首都圏の大規模マルチテナント型物流施設、「需給緩む時期はランプウェイ型とボックス型で稼働状況に差」

首都圏の大規模マルチテナント型物流施設、「需給緩む時期はランプウェイ型とボックス型で稼働状況に差」

CBREリポート、今後はエリアの特性加味した適切な賃貸条件設定が重要と指摘

シービーアールイー(CBRE)は10月18日、「形状による賃料とリーシングへの影響:首都圏大型マルチテナント型物流施設」と題するリポートを公表した。

2022年第2四半期(4~6月)時点で竣工済みの首都圏の大規模マルチテナント型物流施設(LMT)について、主要4エリア別、形状別に想定成約賃料ベースで集計すると、ダブルランプウェイとシングルランプウェイでは物流施設の賃料差はいずれの主要エリアでも差は3%内外でほとんどないことを確認。

一方、ランプウェイ型とボックス型は外環道エリアを除き、明確に賃料の差が見られたと説明した。

また、外環道エリアのみ、形状による明確な賃料差がないことから、CBREは「このエリアは形状による使い勝手よりも立地の良し悪しの方が重視されている」と推測した。

リーシングの進捗状況を見たところ、首都圏全体の空室率が低い時期は、形状による稼働状況の差は小さかった一方、空室率が高くなると差が大きかったという。CBREは「テナント誘致のしやすさという面ではランプウェイ型が一定程度有利」との見方を示した。また、「需給が緩む時期は、ランプウェイ型とボックス型で稼働状況の差が広がる」と指摘した。

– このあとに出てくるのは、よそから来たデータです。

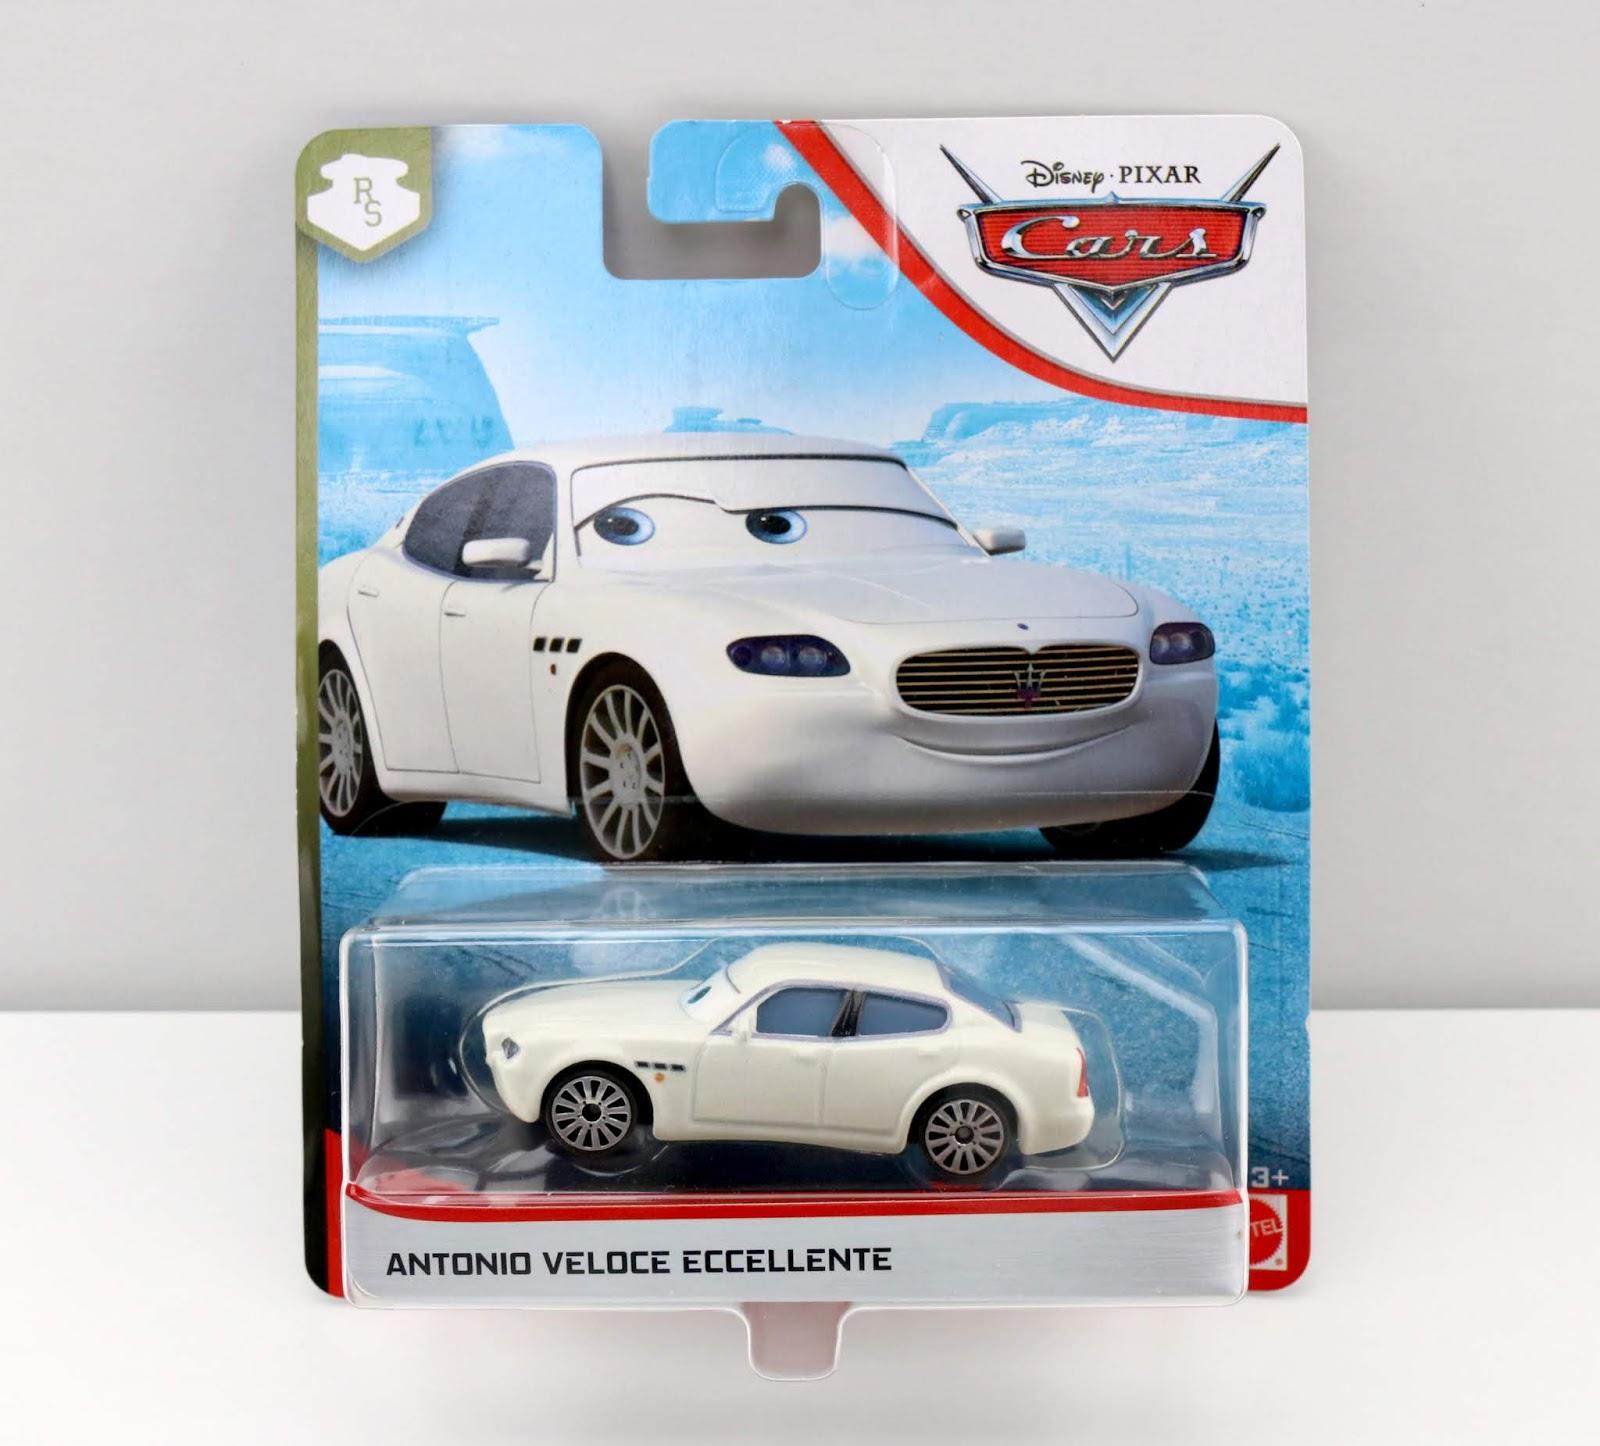 Cars Antonio Veloce Eccellente diecast

形状が賃料やリーシングに一定程度影響していると分析。大量供給が2023年も続くことが見込まれ、物流施設の内定率が低下している中、CBREは「今後は形状の差がリーシングの進捗に影響する可能性が大きくなると予想される。物件の稼働率を上げるためには、エリアの特性を加味した適切な賃貸条件であることが1つの重要な要素となる」と締めくくった。